Срубов бросил на лавку пальто, пригладил пятерней свалявшиеся черные кудри, шагнул в круг. И вот вроде бы сейчас увидел Костю и Саньку среди деревенской молодятины.
— А это что за рожи, Олька? — спросил он настороженно и сунул поспешно руку в карман поддевки.
— Так это Санька из Игумнова. Не узнал, что ли? А второй — Костя, — пояснила с какой-то обидой Ольга. — Костя — в кузнецах в Игумнове. — Вскинула руки на плечи Срубову, спросила все тем же обиженным голосом: — Так сегодня возьмешь
— Возьму-возьму, — рассеянно ответил Васька. — Давай вяжи мешок, уйдешь с нами...
Глаза его, как два револьверных дула, смотрели то на Саньку, то на Костю. А тот старался быть спокойным, отвечал ему взглядом: «Так и есть — кузнец я, как сказала Олька». А в голове менялись решения. Одно за другим: выхватить кольт из полы полушубка, сначала в Розова, потом в Осу, а последнюю пулю в Срубова, в эти вывернутые сочные, как у его сестры, губы. А там в дверь...
А если за дверью стоят из банды? Или же караулят на улице? По рассказам подводчиков, напавших на обоз было пятеро.
Костя шевельнулся — ощутил бедром тяжесть оружия и тут же заметил, как дрогнул Розов, как качнулась винтовка Осы, а Срубов еще глубже опустил руку в карман, и лицо его вмиг побелело, как от страха.
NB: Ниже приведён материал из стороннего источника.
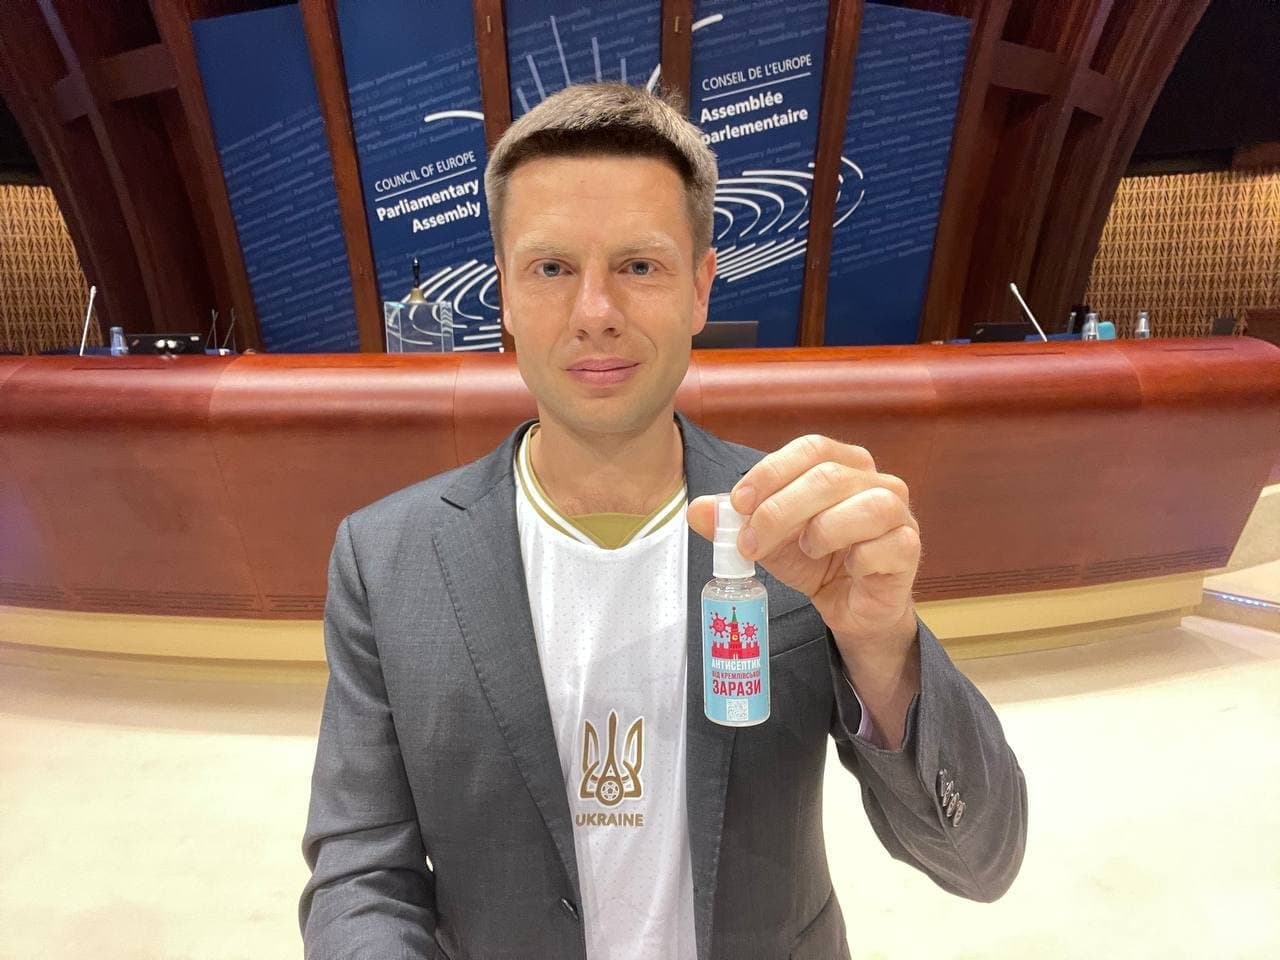 Фото с антисептиком, «покатушки» у посольства России и футболка для Толстого: чем Гончаренко всю неделю занимался в ПАСЕ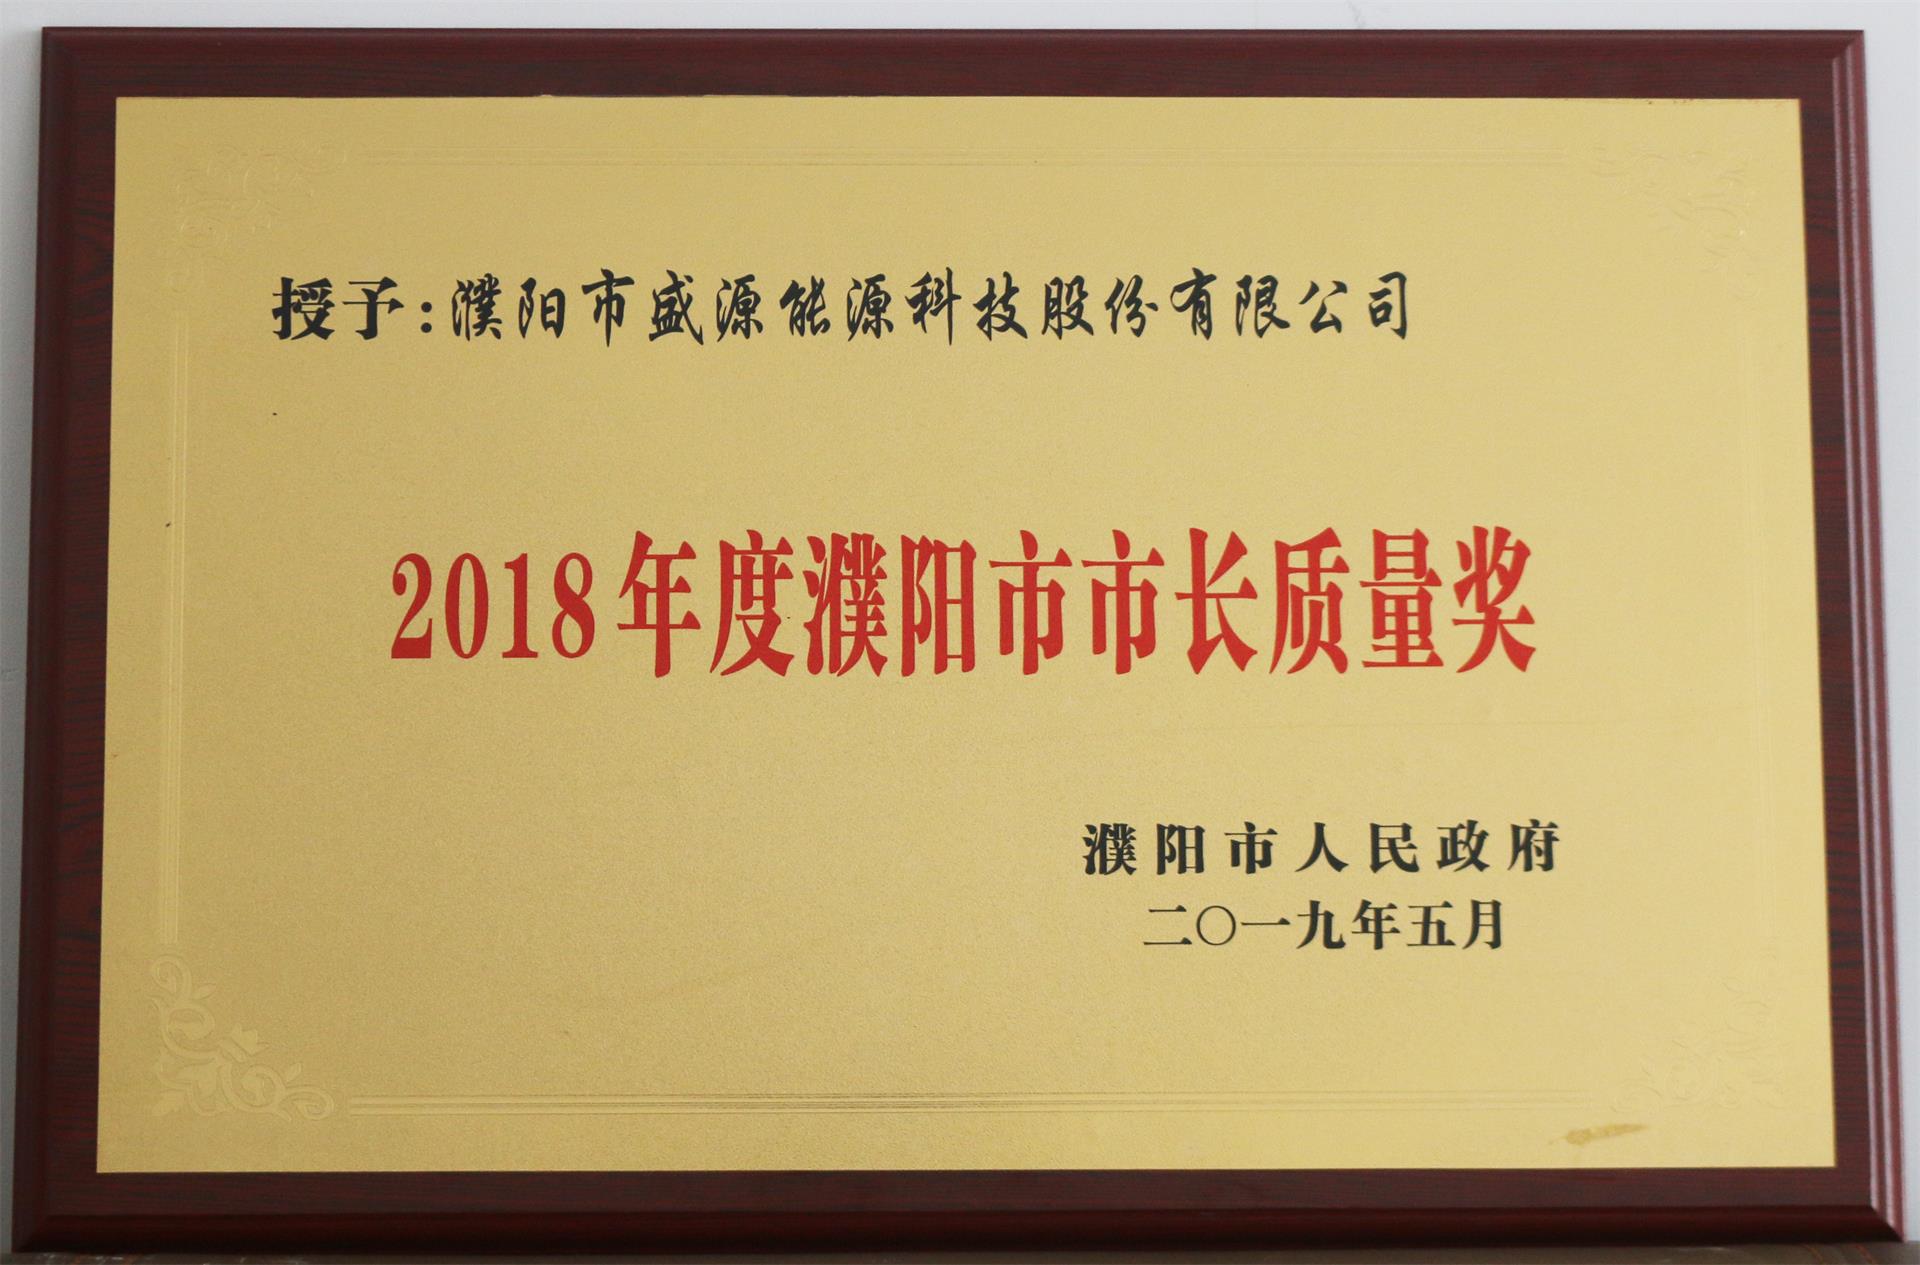 13.2019年5月，盛源科技荣获“2018年度濮阳市市长质量奖”荣誉称号.JPG

«Они не позволят. Три пули в голову сразу. Да и невинные попадут под выстрелы. Эти вот пареньки да девчата опольские...»
А Срубов вдруг осклабился, крикнул собравшимся на вечеринку:
— А ну, давайте крест-накрест! Иль забыли, как плясать надо кадриль?
Парни и девчата торопливо выстроились в круг. Встал и Срубов с Олькой. Снова занялся топот. Санька тоже плясал — поводя плечами, нося на губах безмятежную улыбку. Но иногда глаза его и Кости встречались, и ловилась тревога, и эта тревога заставляла Костю с усилием разжимать губы в ответной улыбке. «Попались прямо в капкан».
Он стоял в сторонке, у печи, прижимаясь плечом к побеленным горячим кирпичам, и все искал пути к выходу из ловушки. И не находил, а только переминался с ноги на ногу. Срубов надвинулся вдруг спиной — перед самым носом закачались затылок и шея, заросшие густо черным волосом. А вот он оглянулся — и оказалось перед Костей лицо одного из главарей банды, затененное солнечным загаром, разглядел даже кровавые жилки в выпученных глазах, пахнуло жарким дыханием рта.
— Ну, кузнец, много наковал?
— Хватит пока, — ответил, стараясь, чтобы голос был сонным. — А что?
— Да так...
Зубы у Срубова на концах, похоже, как спилены ржавым напильником — потемневшие.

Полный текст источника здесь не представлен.